The second screen utilized the DBD and AD of the Gal4 TF, separated by the Nsp4/5 cut site (Johnston et al., 1986; Murray et al., 1993). We used this engineered TF to drive GFP expression, enabling cells with varying levels of Mpro protease activity to be separated by FACS (Figure 1b). One benefit of this system is its signal amplification, as one cut TF can cause a reduction of more than one GFP molecule. However, due to this amplification, the fluorescent signal is indirectly related to cutting efficiency. Expression of Ub-Mpro in cells engineered with the split TF exhibited a β-estradiol-dependent decrease in GFP reporter activity that required the presence of catalytically functional Mpro protein (Figure 1—figure supplement 1d). The final screen leverages the toxicity of Mpro expression in yeast, which likely results from cleavage of essential yeast proteins by the protease (Alalam et al., 2021; Figure 1c). Increasing concentrations of β-estradiol correlates with a decrease in yeast growth rate that is dependent on the presence of catalytically functional Mpro (Figure 1—figure supplement 1b). At a high expression level induced with 2 µM of β-estradiol, yeast growth rate becomes tightly coupled to Mpro function and can be used as a readout of the function of the expressed Mpro variant. While the endogenous yeast substrates are unknown, this assay is likely reporting on Mpro cleavage of numerous cellular targets. Sampling of more than one cleavage site may better represent the physiological role of Mpro, which has 11 viral and numerous host cleavage sites.

Comprehensive deep mutational scanning of Mpro

We integrated our three screens with a systematic mutational scanning approach to determine the impact of each single amino acid change in Mpro on its function (Figure 1d). A comprehensive Mpro single site variant library was purchased commercially (Twist Biosciences). Each position of Mpro was mutated to all other 19 amino acids plus a stop codon, using the preferred yeast codon for each substitution. We transferred the library to a plasmid under the LexA promoter. To efficiently track each variant of the library using deep sequencing, we employed a barcoding strategy that allowed us to track mutations across the gene using a short sequence readout. We engineered the barcoded library so that each mutant was represented by 20–40 unique barcodes and used PacBio sequencing to associate barcodes with Mpro mutations (Figure 1d). About 96% of library variants were linked to 10 or greater barcodes (Figure 1—figure supplement 1e). As a control, the library was doped with a small amount of WT Mpro linked to approximately 150 barcodes.
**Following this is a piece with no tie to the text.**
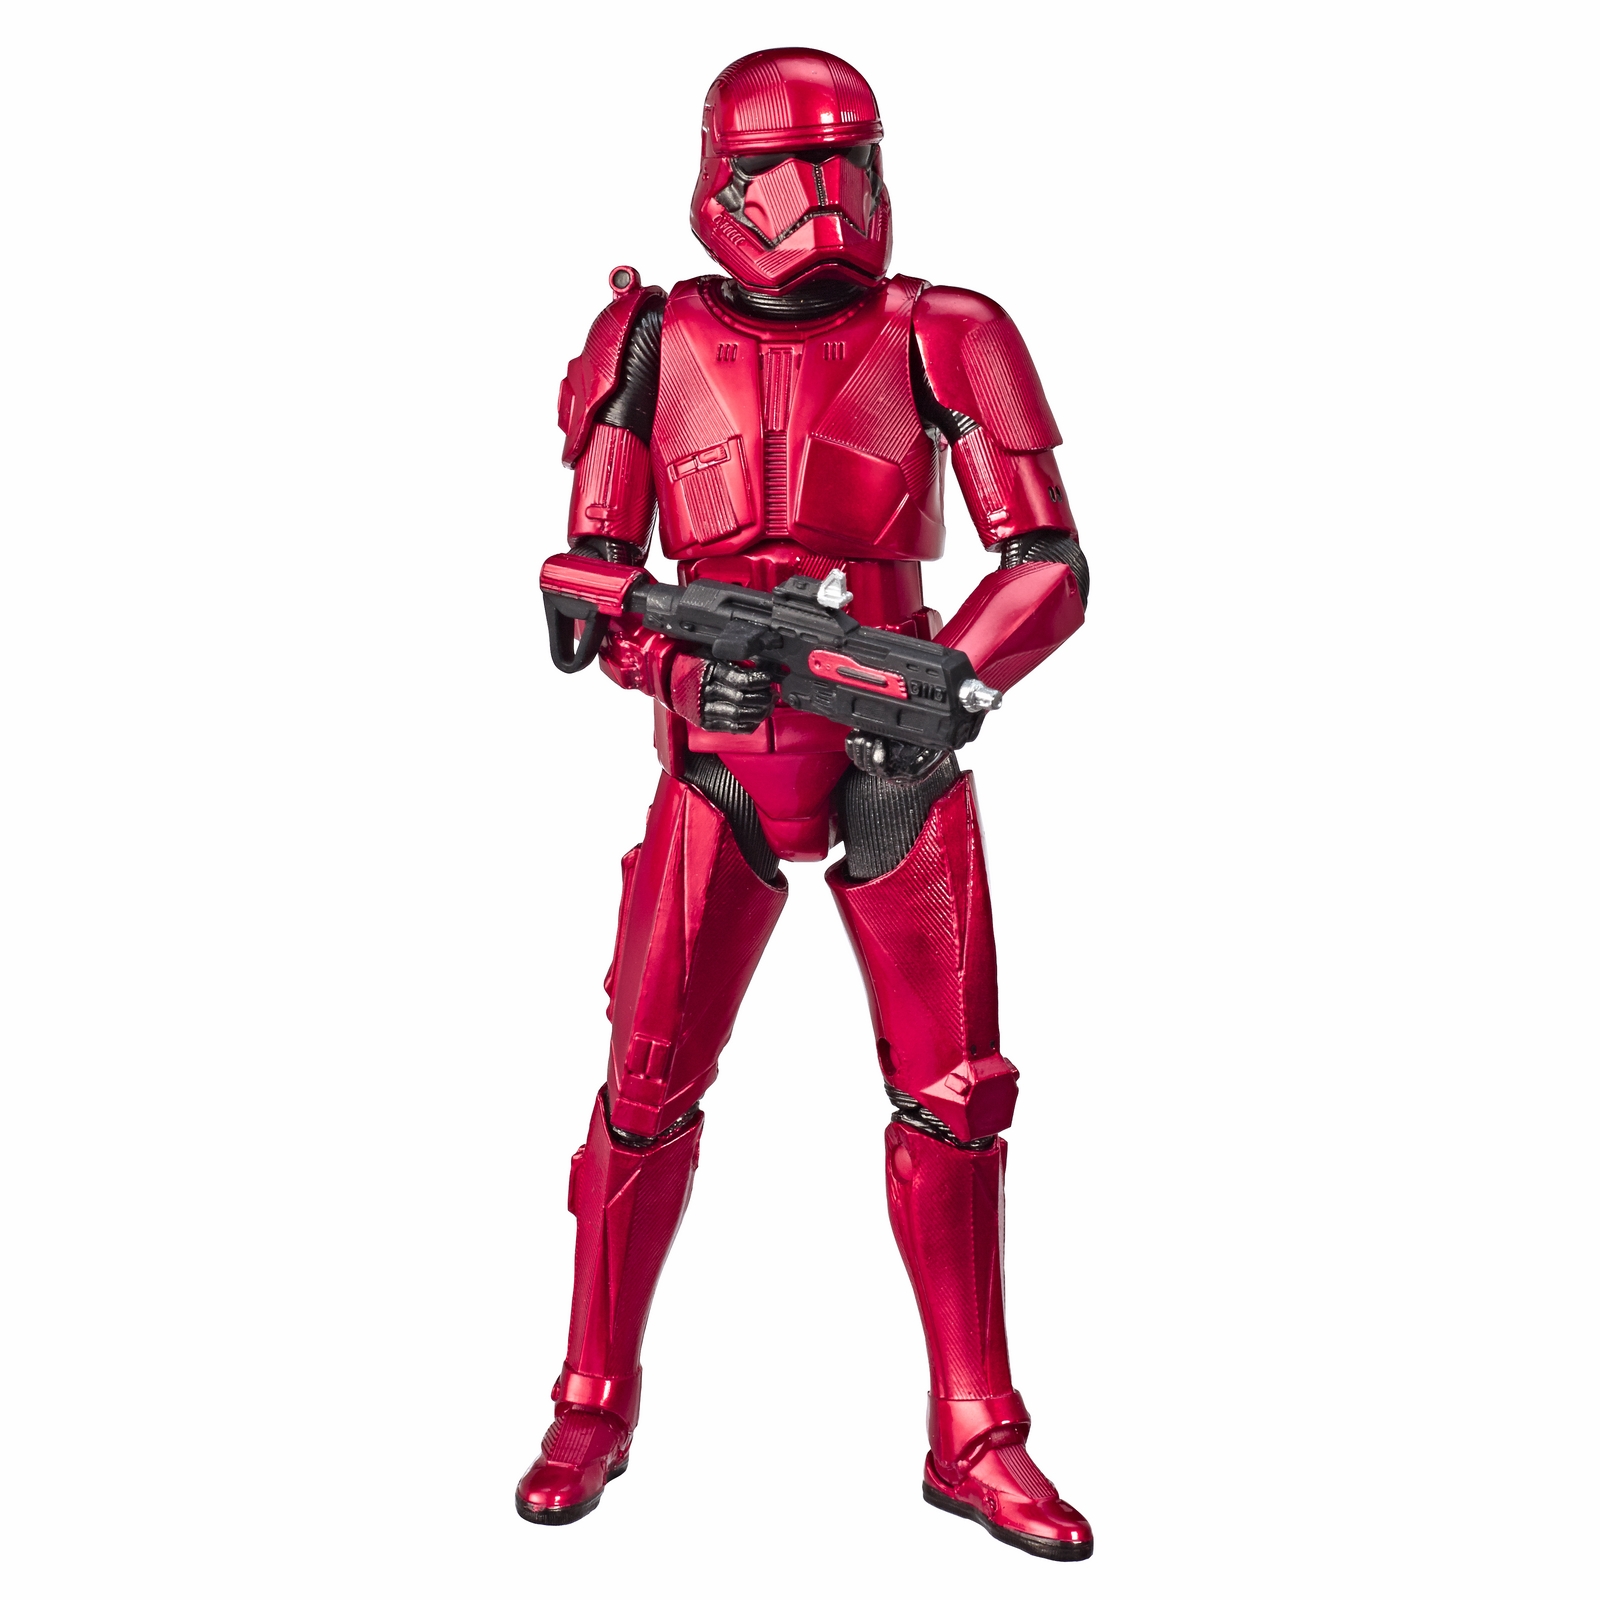 STAR%20WARS%20THE%20BLACK%20SERIES%206-INCH%20SITH%20TROOPER%20CARBONIZED%20COLLECTION%20Figure%20-%20oop.jpg

We transformed the plasmid library of Mpro mutations into yeast strains harboring the respective reporter for each functional screen. The mutant libraries were amplified in the absence of selection and subsequently β-estradiol was added to induce Mpro expression. Variant counts analyzed by sequencing before and after the pre-selection amplification step were correlated, consistent with minimal to no selection prior to induction with β-estradiol (Figure 1—figure supplement 1f and Figure 1—figure supplement 1g). For the fluorescent screens, the cells were incubated with β-estradiol at the concentration determined to limit Mpro toxicity (125 nM) for the time required for WT Mpro to achieve full reporter activity (1.5 hr for the FRET screen and 6 hr for the TF screen). Subsequently, cells were separated by FACS into populations with either uncleaved or cleaved reporter proteins (see Figure 1a and Figure 1b). For the growth screen, cells were incubated with a higher concentration of β-estradiol determined to slow yeast growth (2 µM) (Figure 1—figure supplement 1b). Populations of cells were collected at the 0 and 16 hr time points. For each cell population in each screen, plasmids encoding the mutated Mpro library were recovered, and the barcoded region was sequenced using single end Illumina sequencing. For the TF and FRET screens, the functional score of each mutant was calculated as the fraction of the mutant in the cut population relative to its fraction in both populations. For the growth screen, the functional score was calculated as the fraction of the mutant at the 0 hr time point relative to the fraction in the 0 hr and 16 hr time points. We normalized the functional scores in all three screens to facilitate comparisons, setting the score for the average WT Mpro barcode as 1 and the average stop codon as 0 (see Figure 2—source data 1 for all functional scores).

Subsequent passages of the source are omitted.